▶ _Extracted data entries_
=== Section Start ===

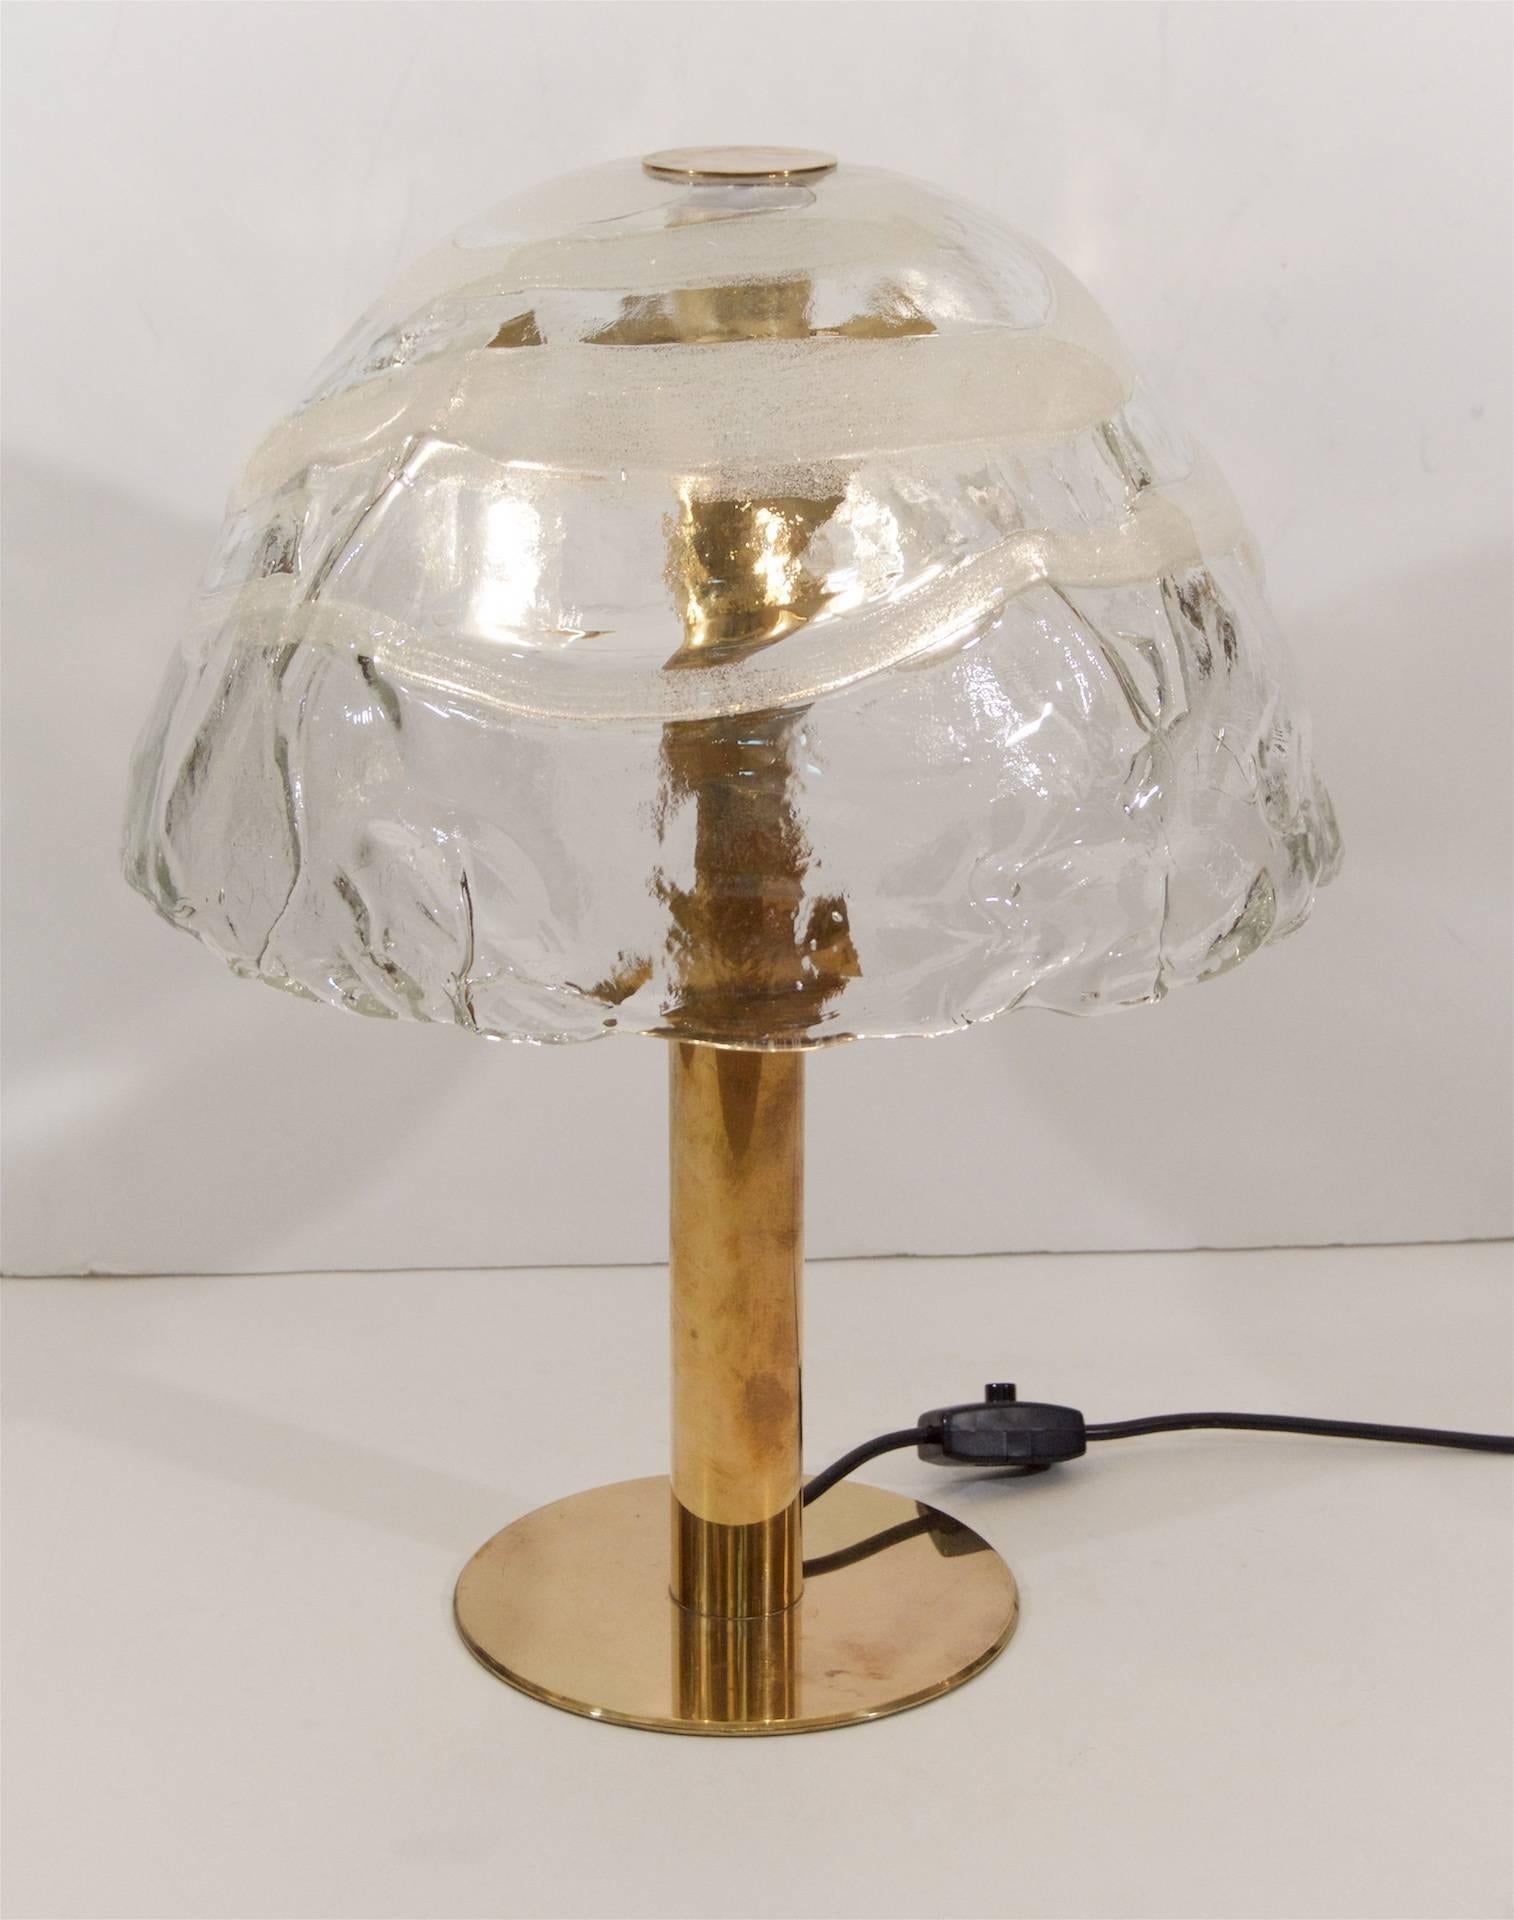 An incredibly unique brass table lamp by Kalmar with a fused glass shade. The glass shade features dramatic texture and fused glass in swirls of white.

Original wiring verified functioning, with a new American plug. Takes three medium base bulbs
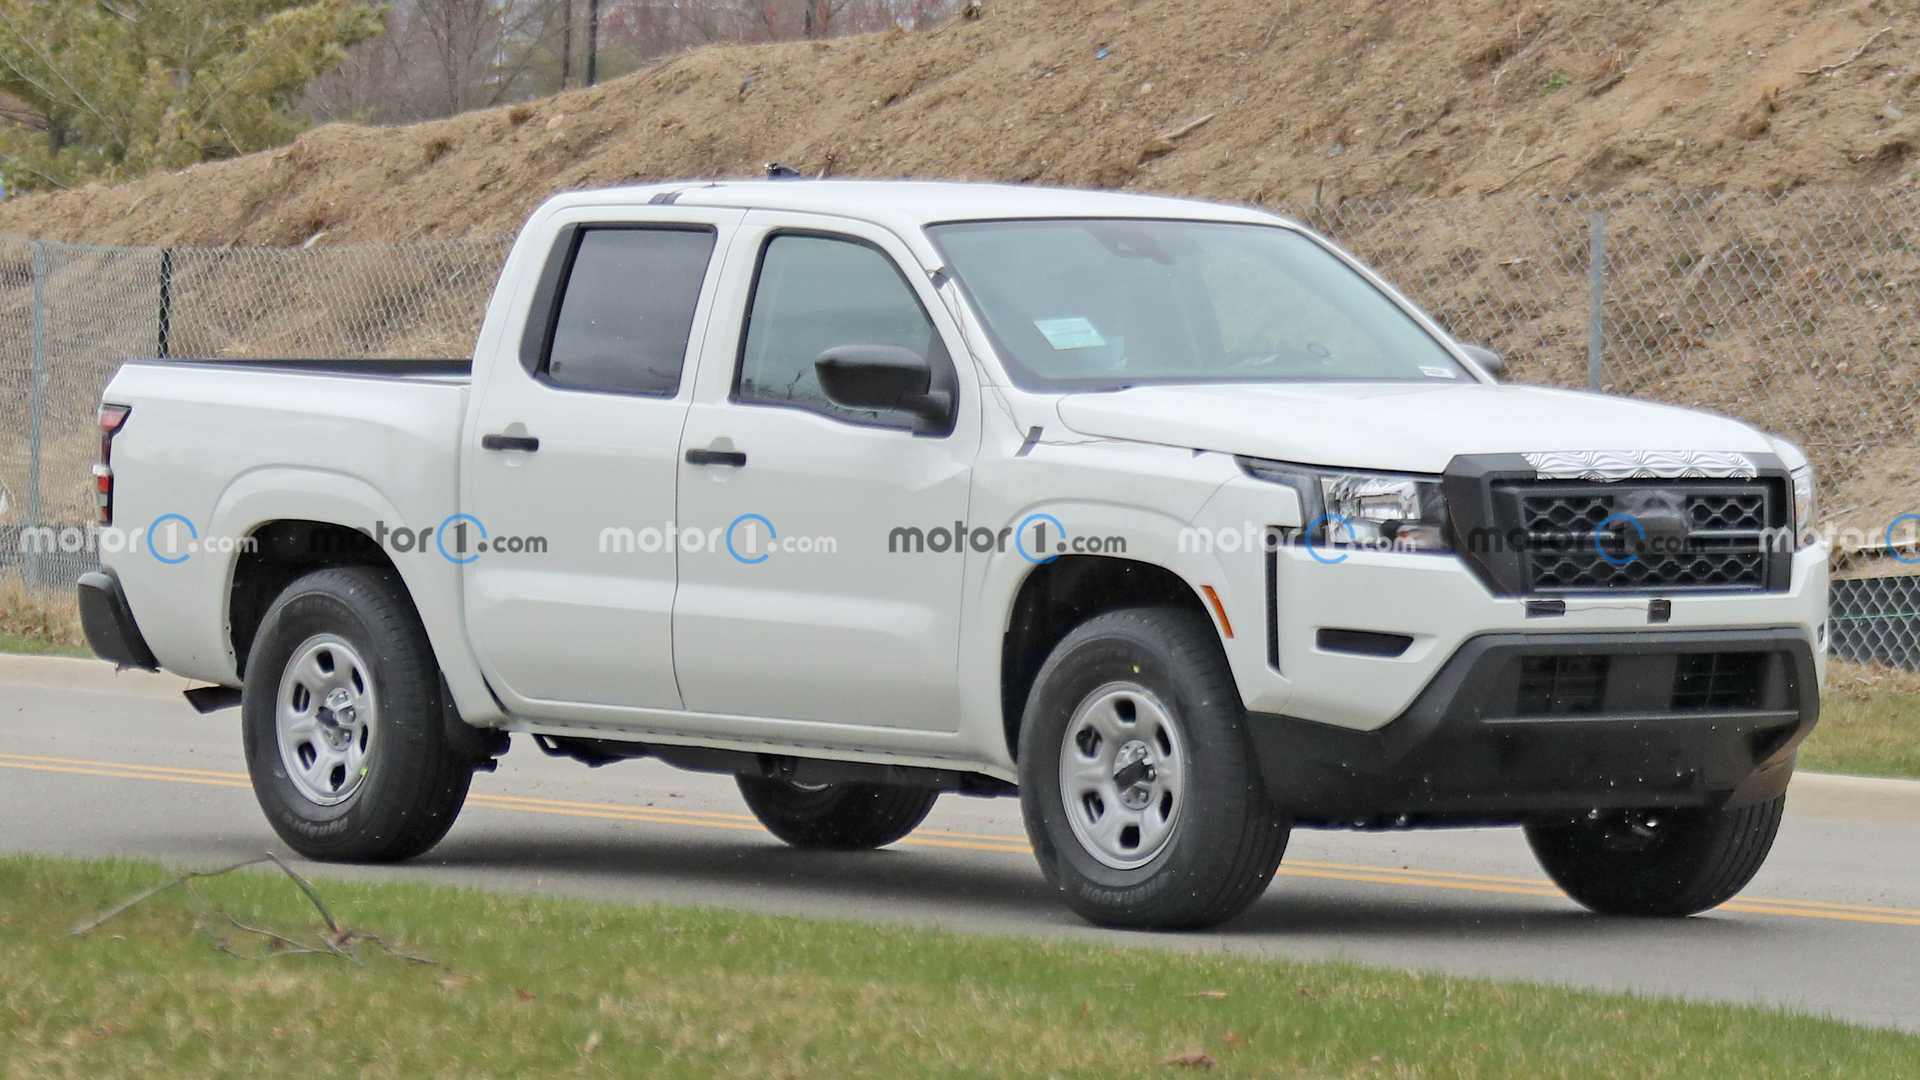 Nissan Frontier S Caught On Camera Showing Its Base Model Attire
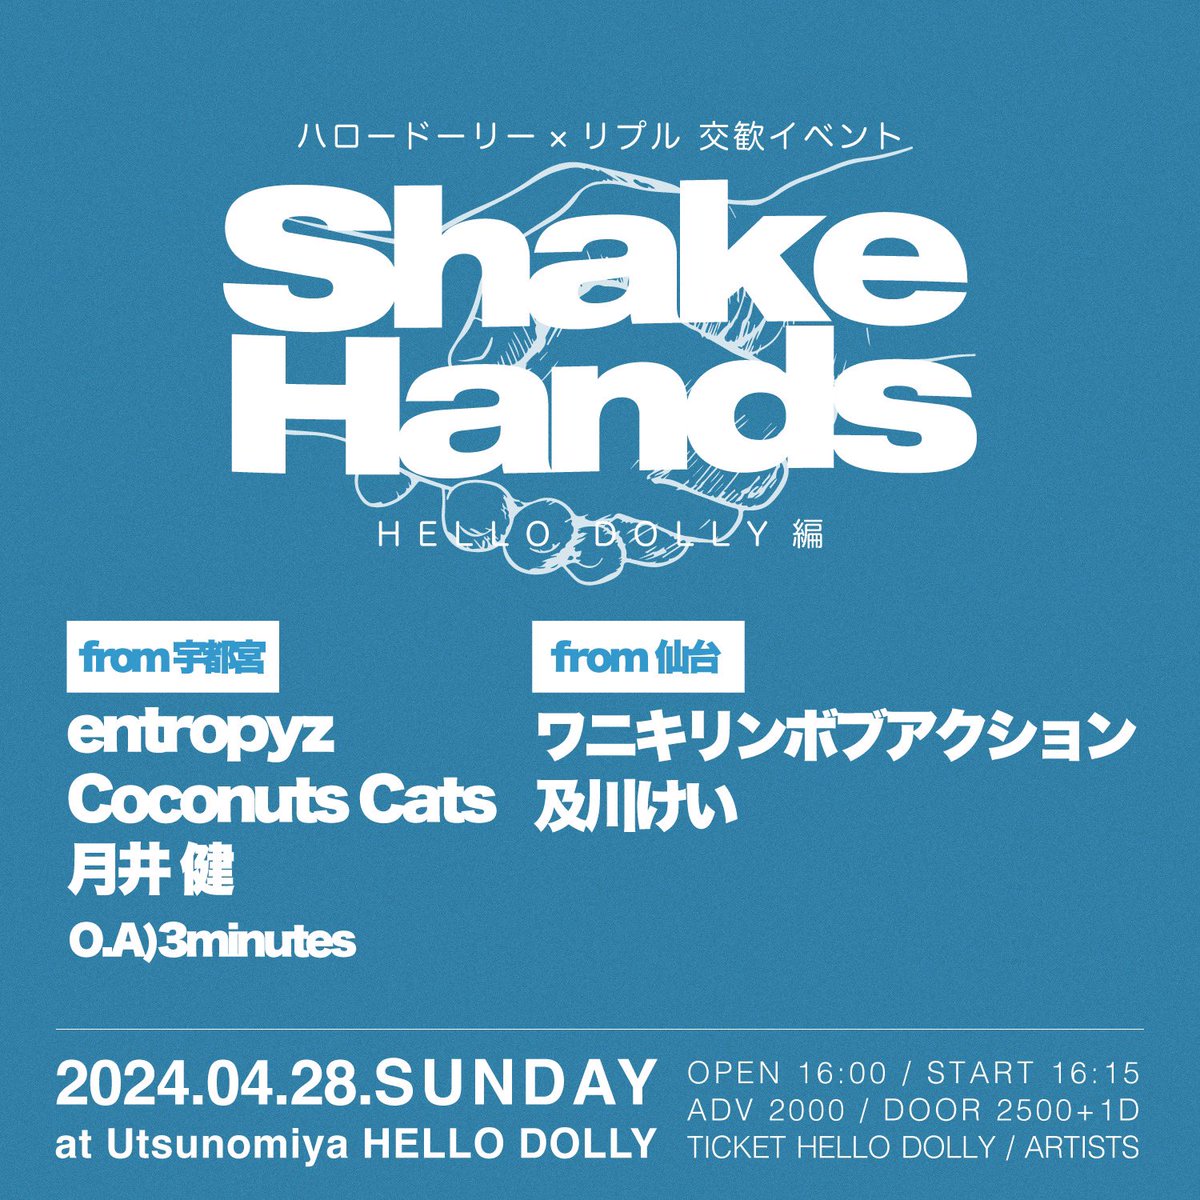 🤘TONIGHT🤘
2024.04.28.SUN
ハロードーリー×リプル 交歓イベント
【Shake Hands】HELLO DOLLY編

仙台 : ワニキリンボブアクション / 及川けい
宇都宮 : entropyz / Coconuts Cats / 月井 健
O.A 3minutes

OP 16:00 / ST 16:15
DOOR ¥2500+1D 600

=== Section End ===

▶ _Work required_
Each entry needs to be returned verbatim, with its pictures left out.

▶ _Response area_
 An incredibly unique brass table lamp by Kalmar with a fused glass shade. The glass shade features dramatic texture and fused glass in swirls of white.

Original wiring verified functioning, with a new American plug. Takes three medium base bulbs
 Nissan Frontier S Caught On Camera Showing Its Base Model Attire
 🤘TONIGHT🤘
2024.04.28.SUN
ハロードーリー×リプル 交歓イベント
【Shake Hands】HELLO DOLLY編

仙台 : ワニキリンボブアクション / 及川けい
宇都宮 : entropyz / Coconuts Cats / 月井 健
O.A 3minutes

OP 16:00 / ST 16:15
DOOR ¥2500+1D 600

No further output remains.